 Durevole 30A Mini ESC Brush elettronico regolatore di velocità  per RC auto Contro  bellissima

────────────────────────────────────────

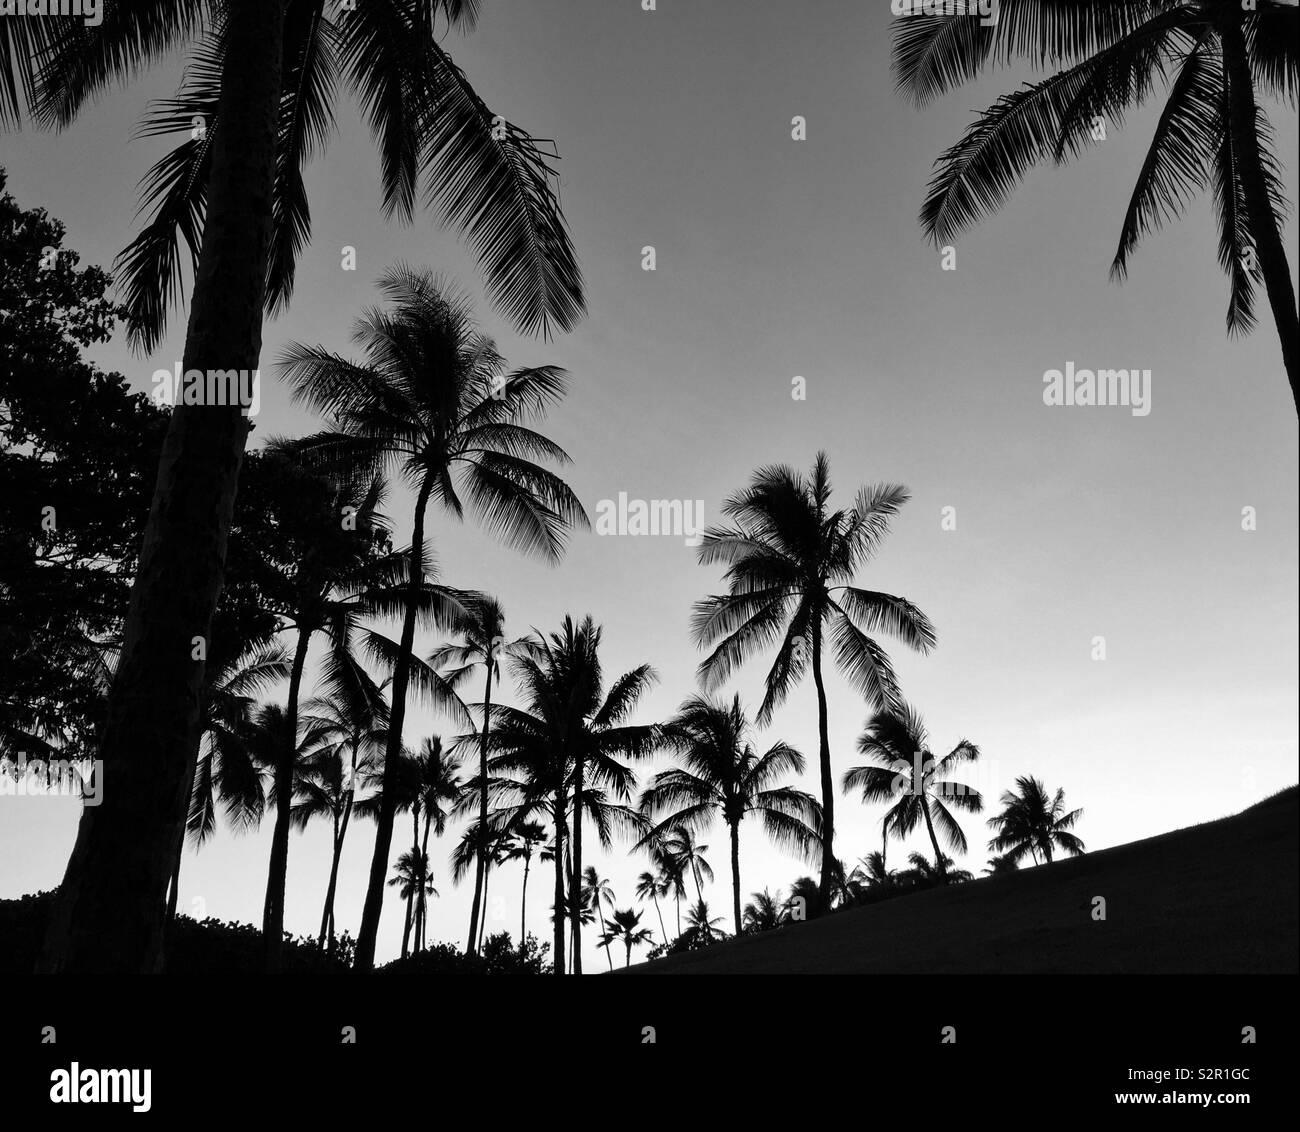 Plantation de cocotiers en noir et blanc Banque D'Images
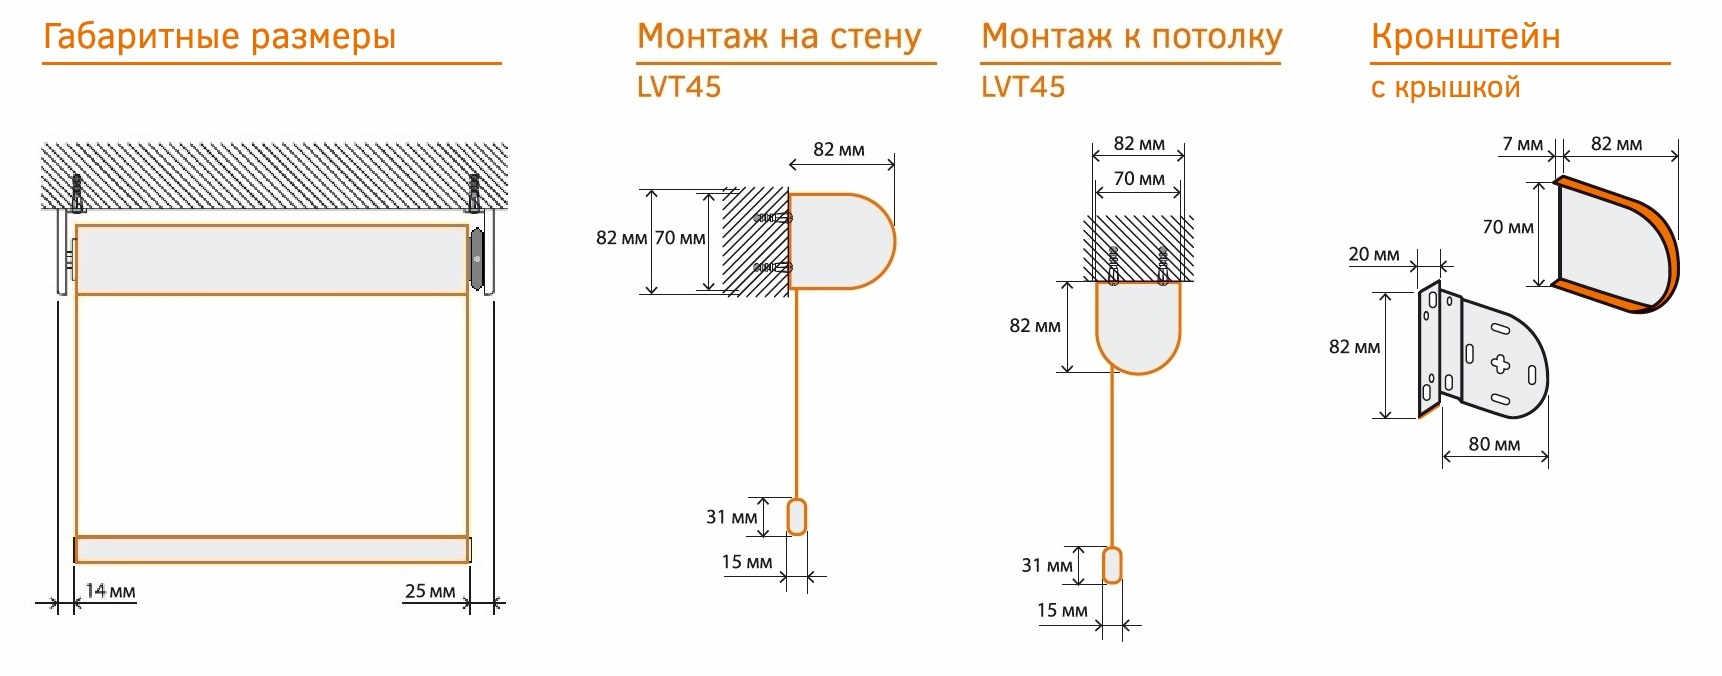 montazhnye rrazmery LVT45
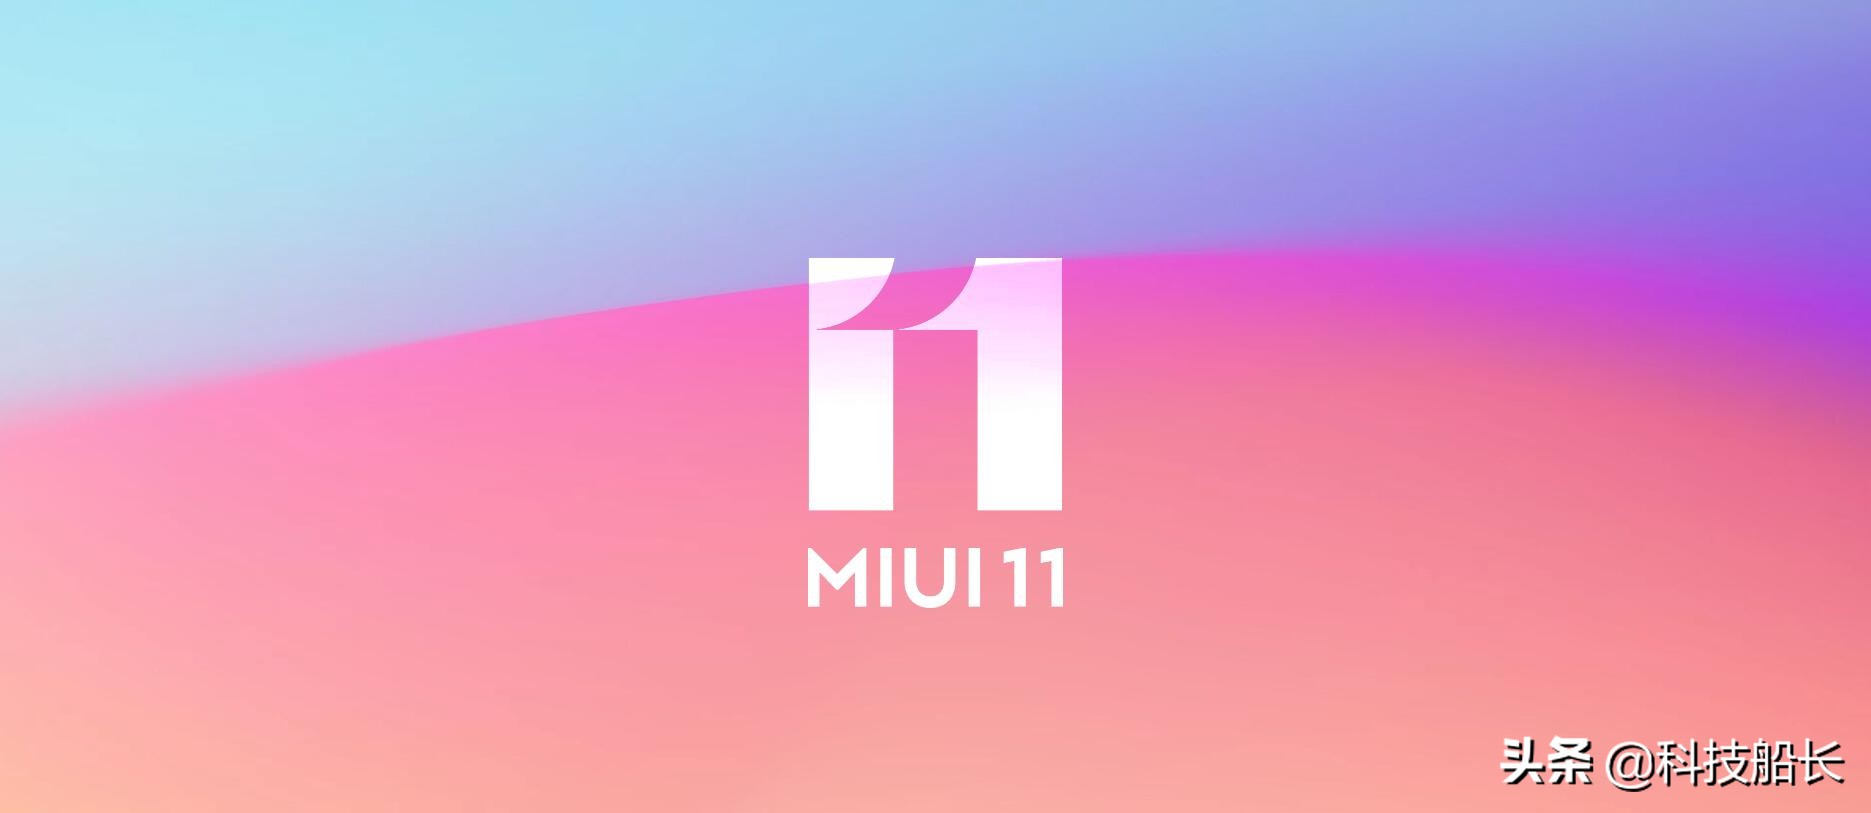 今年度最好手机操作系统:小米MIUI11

────────────────────────────────────────

TASK STATEMENT:
Reproduce exactly the lines above starting at the line containing "montazhnye rrazmery LVT45" and ending at the line containing "今年度最好手机操作系统:小米MIUI11", including both, but not the pictures.

COMPLETED TASK:
 montazhnye rrazmery LVT45
 今年度最好手机操作系统:小米MIUI11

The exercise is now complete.